По оценке современного классика «географии человека» Пьера Гуру, «ни одна страна в Европе не обладает столь протяженным, разнообразным и удобным морским побережьем» с обилием «отличных гаваней, расположенных в устье широких рек, что ведут в глубь страны». К тому же, добавлял Бродель, начиная с присоединения Нормандии (XIII в.), затем Лангедока, Прованса и, наконец, Бретани (XVI в.), Франция приобрела и «целые народности потомственных мореходов». У страны, резюмировал историк, «имелось все необходимое для завоевания океана». А океанские просторы сулили богатство и власть: ведь именно на море в Новое время «суждено было решаться судьбам современного мира».

«На протяжении всей французской истории встает вопрос об этом ее несбывшемся, едва лишь наметившемся призвании – быть морской державой». Между тем, сожалел Бродель, Франция ощущала себя, в первую очередь, сухопутной державой, органичным продолжением континентальной Европы. «Море за англичан, оно не любит Францию», – выражал этот континентальный дух Мишле, резюмируя вековое соперничество двух стран[29].

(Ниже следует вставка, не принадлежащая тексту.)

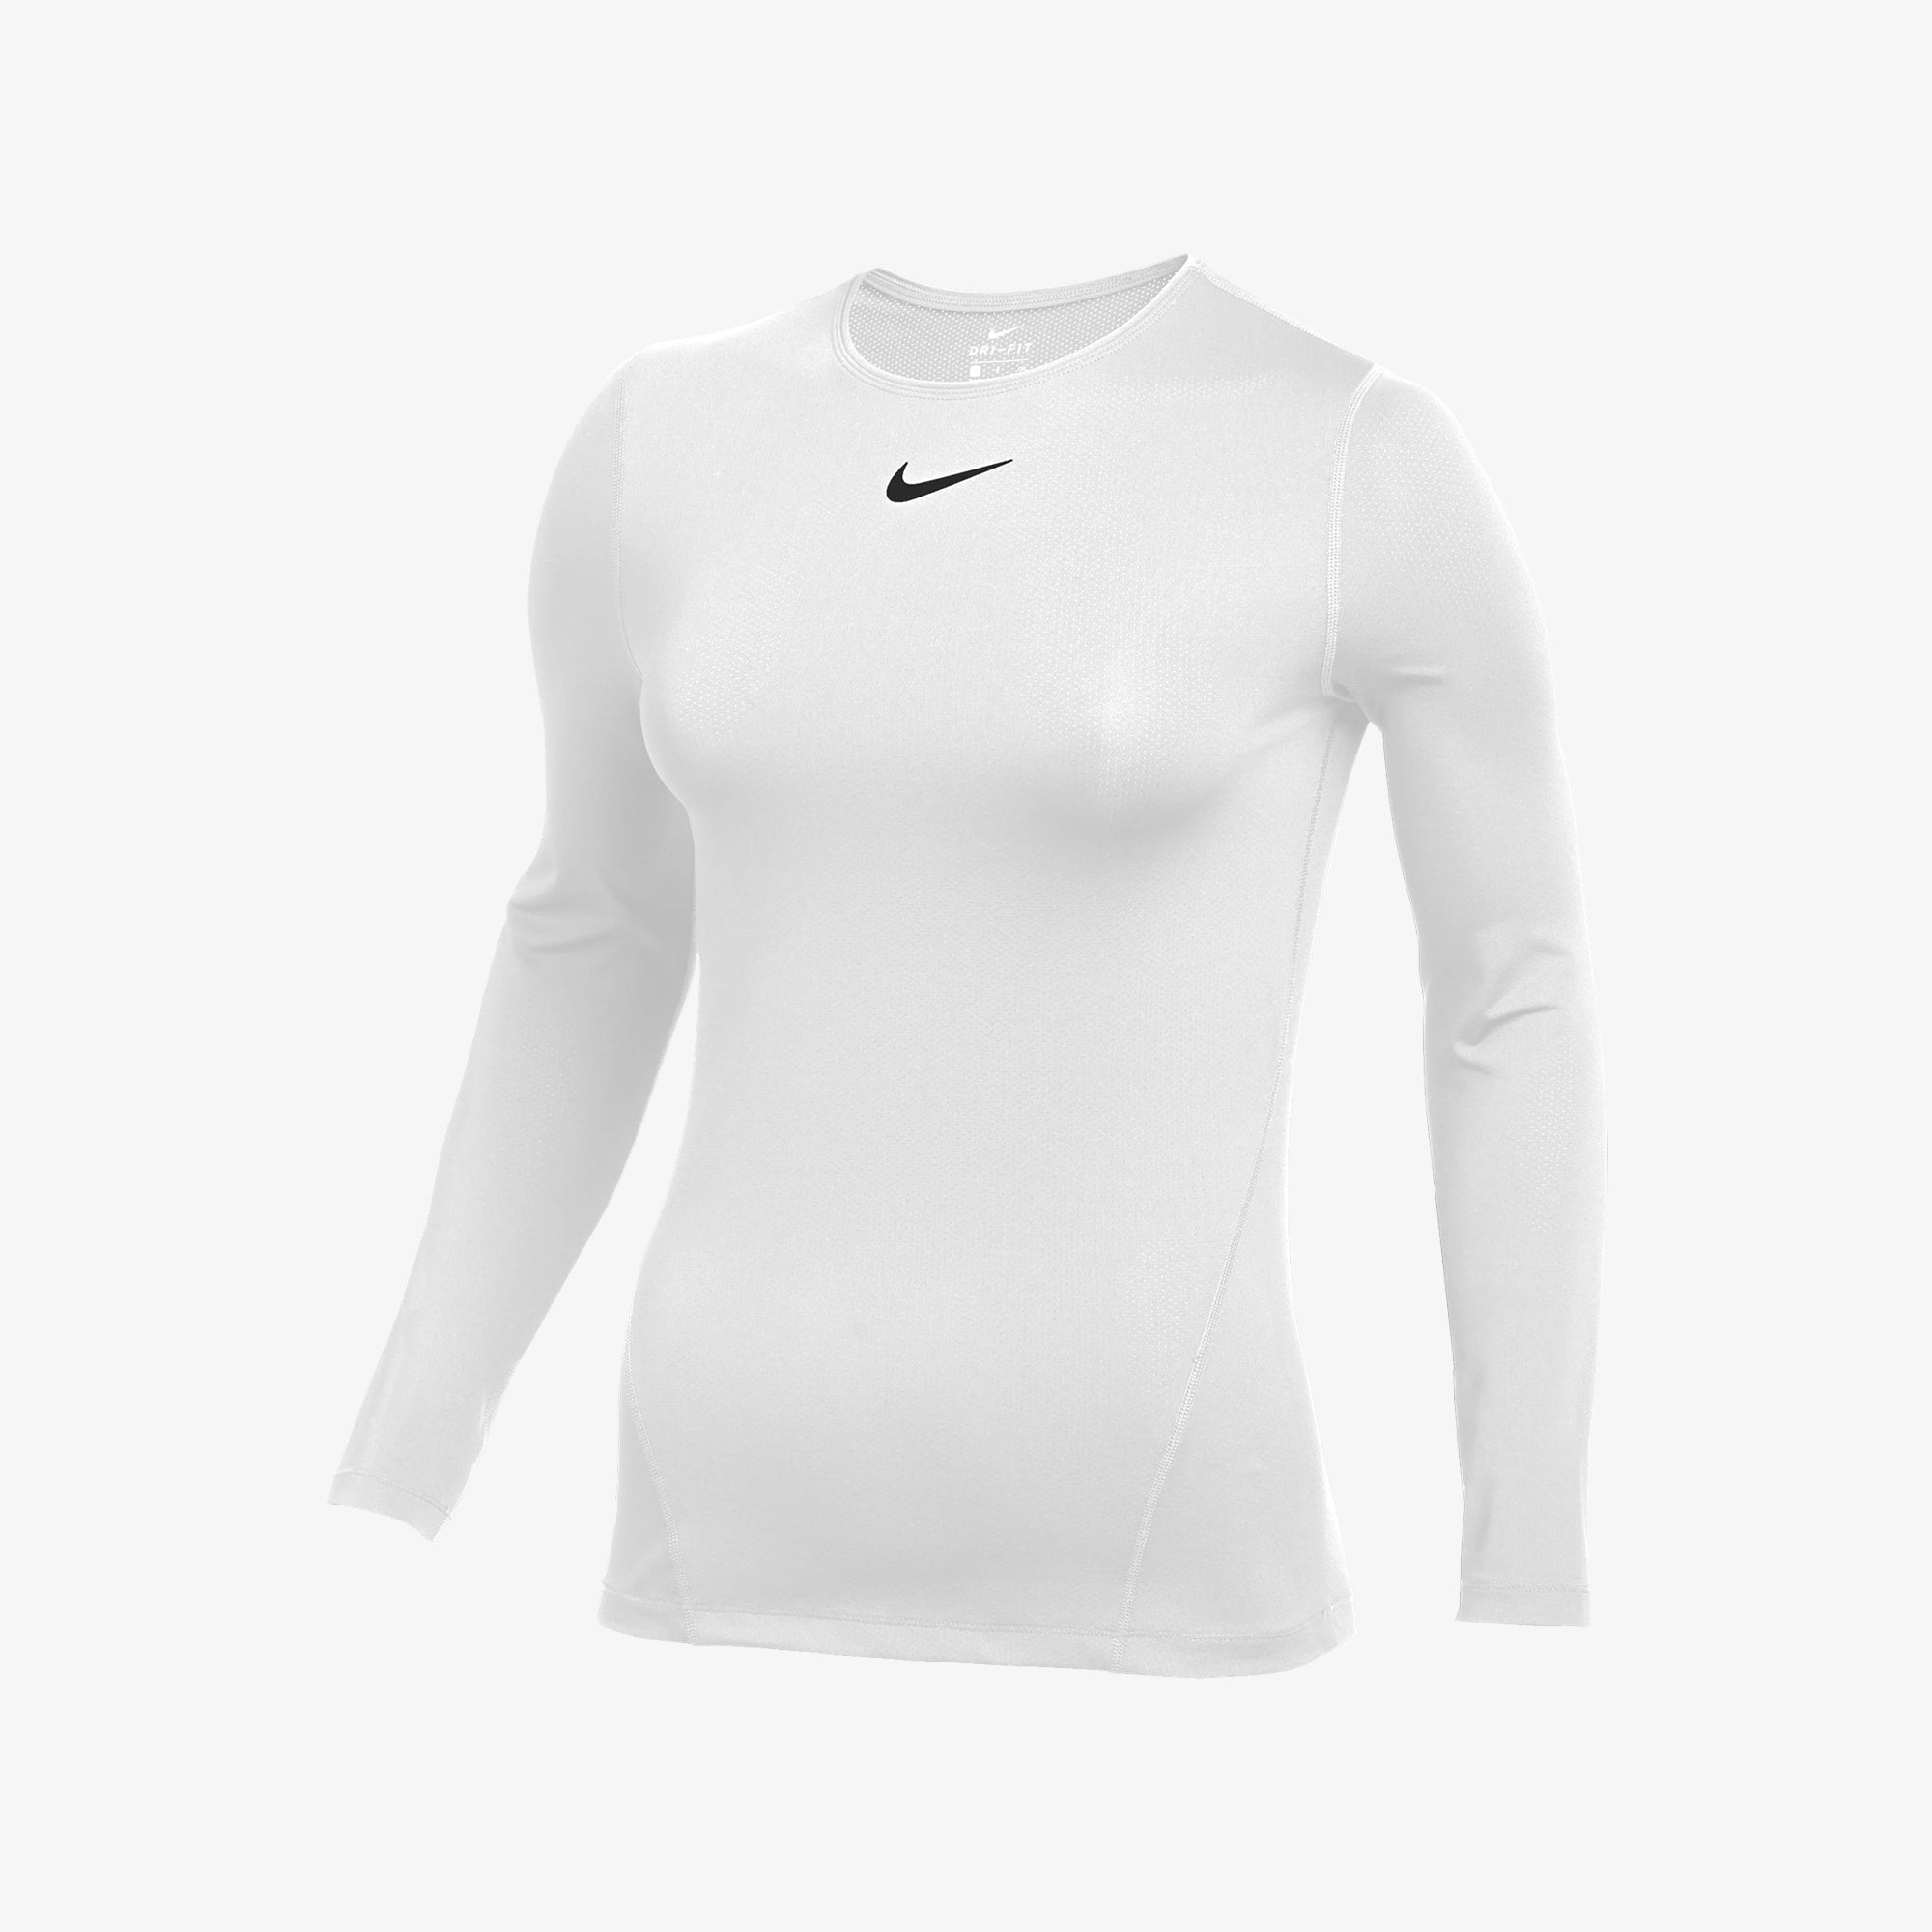 Nike Long-Sleeve Top

Сухопутность, считал Бродель, сделалась историческим выбором страны, потому что, в конечном счете, то был выбор ее правителей: «правительство и само смотрело на мир с сухопутной колокольни». Слишком тяготило бремя сухопутных границ: «Для ведения и планирования широкомасштабной политики на морях Франция должна была… вырваться из осиного гнезда беспрерывных сухопутных войн, с тем чтобы, подобно англичанам, вести только одну войну – на море и иметь только один военный бюджет – военно-морской». А для этого «требовались не только прозорливость, удачливость, настойчивость, но и способность противостоять давлению воинственного дворянства, готового в любой момент выступить в поход по дорогам Европы»[30].

Континентальную ориентацию закрепил выбор столицей Парижа. То, что столица оказалась прочно включенной, как бы «вросшей во внутренние районы страны», имело важные последствия для всей Франции – «если только не считать, – подчеркивал Бродель, – что сама Франция после долгих колебаний сделала подобный выбор, согласившись сознательно и добровольно стать чисто сухопутной державой», а соответственно и иметь сухопутную столицу[31].

Выбор произошел в весьма отдаленную эпоху. «Со времен Цезаря, если не раньше, вплоть до варварских нашествий V в., история Франции всегда была частью средиземноморской истории». Но после гораздо большее значение приобрели связи Франции с Центральной и Восточной Европой. Европа, сетовал Бродель, «давит на нас, лепит нашу судьбу». В итоге «Французское пространство» стало «куском пространства европейского»[32].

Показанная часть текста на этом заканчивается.